Daisy Matsuda always was in the thick of things.
She was at home the night in 1984 when her next-door neighbor, controversial talk show host Alan Berg, was assassinated. The shooter and accomplices hid in her yard.
She was working at the New China Cafe when a gunman fired and a bullet grazed the side of her head.
And for decades she served food and drinks to some of Denver’s powerful.
Matsuda died Sept. 13, at an area care facility. She was 89. A memorial is planned for 4 p.m. today at Denver Buddhist Temple, 1947 Lawrence St.
Matsuda lived for a time at a Japanese internment camp near Jerome, Ark., during World War II.
She was a longtime waitress at the New China Cafe, which for years was at East Colfax Avenue and Clarkson Street.
Being near city and state offices, the restaurant attracted the likes of former Gov. John Love, former Mayor Bill McNichols and his brother, former Gov. Steve McNichols, author James Michener, police chiefs, entertainers and newspaper editors, said her son Craig Matsuda of Los Angeles.

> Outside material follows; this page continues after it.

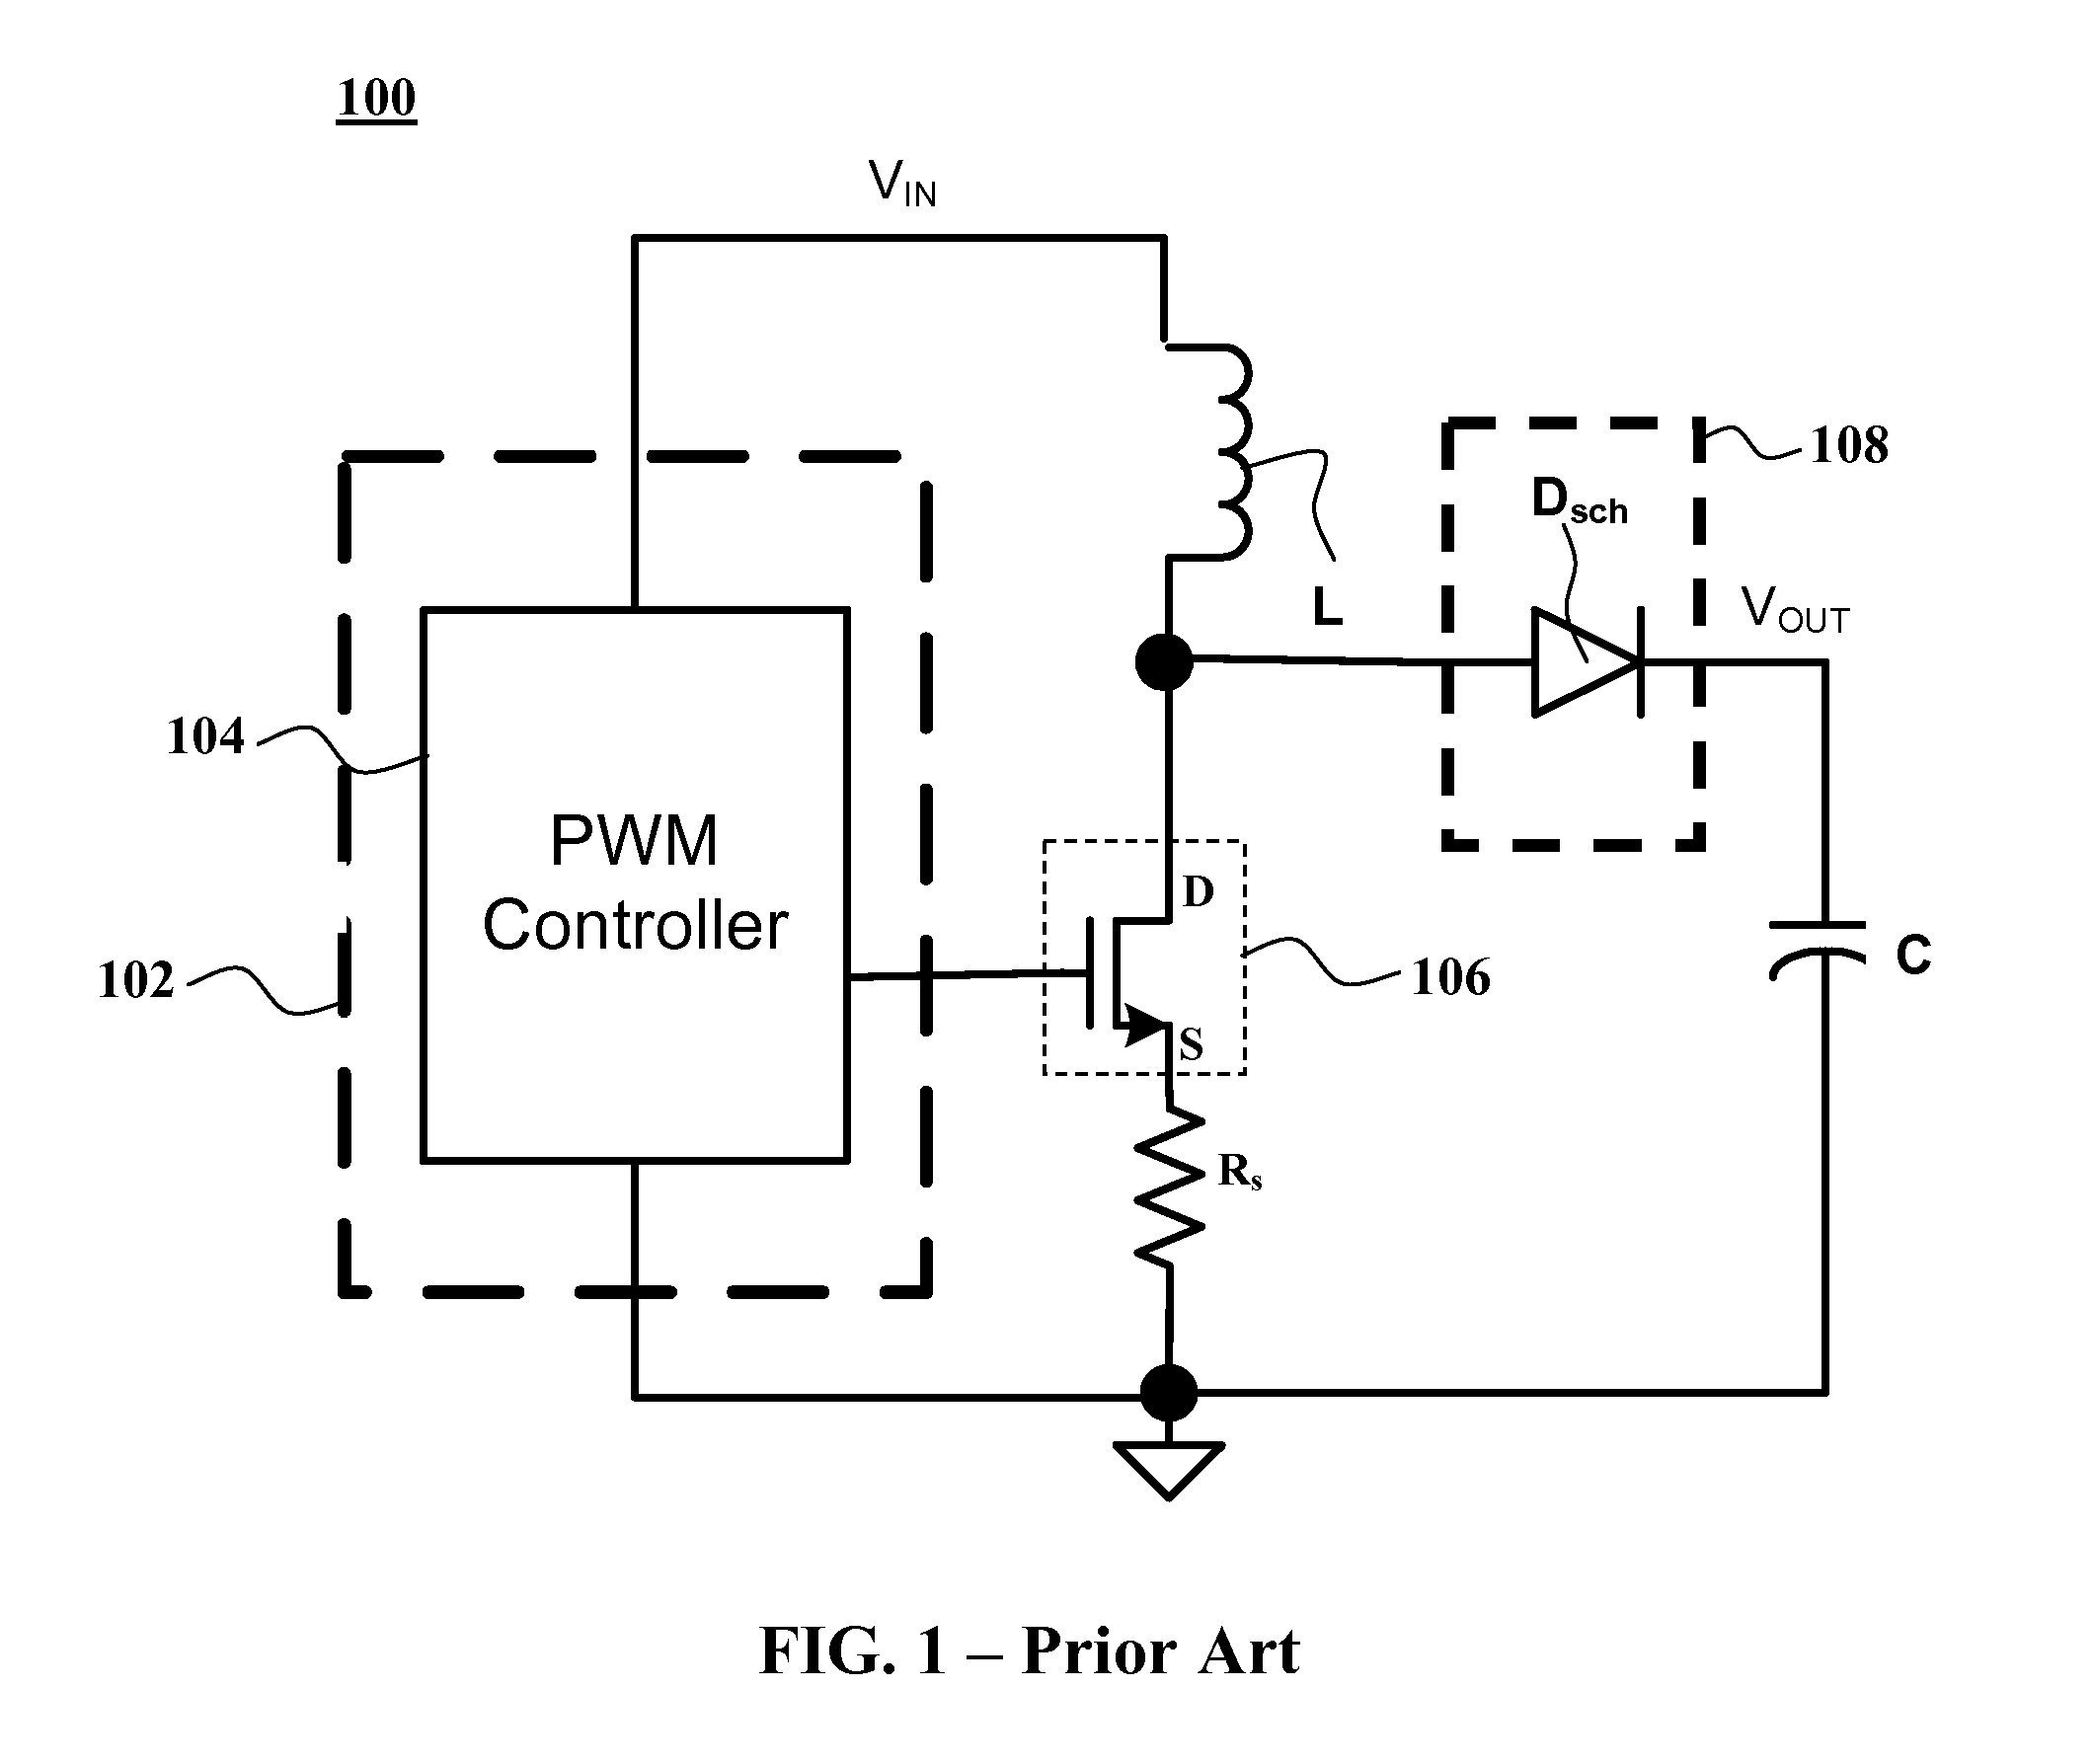 High voltage and high power boost converter with co-packaged Schottky diode

She told her family some of the stories — who drank too much, who was nice or rude — “but I’m not sure if those stories are fair game,” said her daughter, Wanda Matsuda Brown of Evergreen.
The night Berg was shot in his driveway, Matsuda called her son, who was night city editor at The Denver Post, to “get over here,” said her son. “So The Post was there before the cops” and got the story in the following morning’s paper, he said.
Daisy Haruye Nakashima was born Jan. 31, 1921, in Sacramento, Calif., and helped provide for her family by working on farms in northern California.
When she was freed from internment, she moved to Denver, where Japanese were welcomed. She met Kenji Matsuda, who owned Ken’s Shoe Repair. They were married in June 1949 in an arranged marriage. He died in 1989.
After working at the New China, she worked for United Airlines catering and later for a deli and at the White Spot cafe. She finally retired at age 75, her children said.
Ken and Daisy Matsuda worked long hours, six days a week.
“Her high energy lasted until her final hours,” said her daughter.
Matsuda was determined that her children would go beyond her schooling, which was less than high school. All three had to go to college and play at least one musical instrument.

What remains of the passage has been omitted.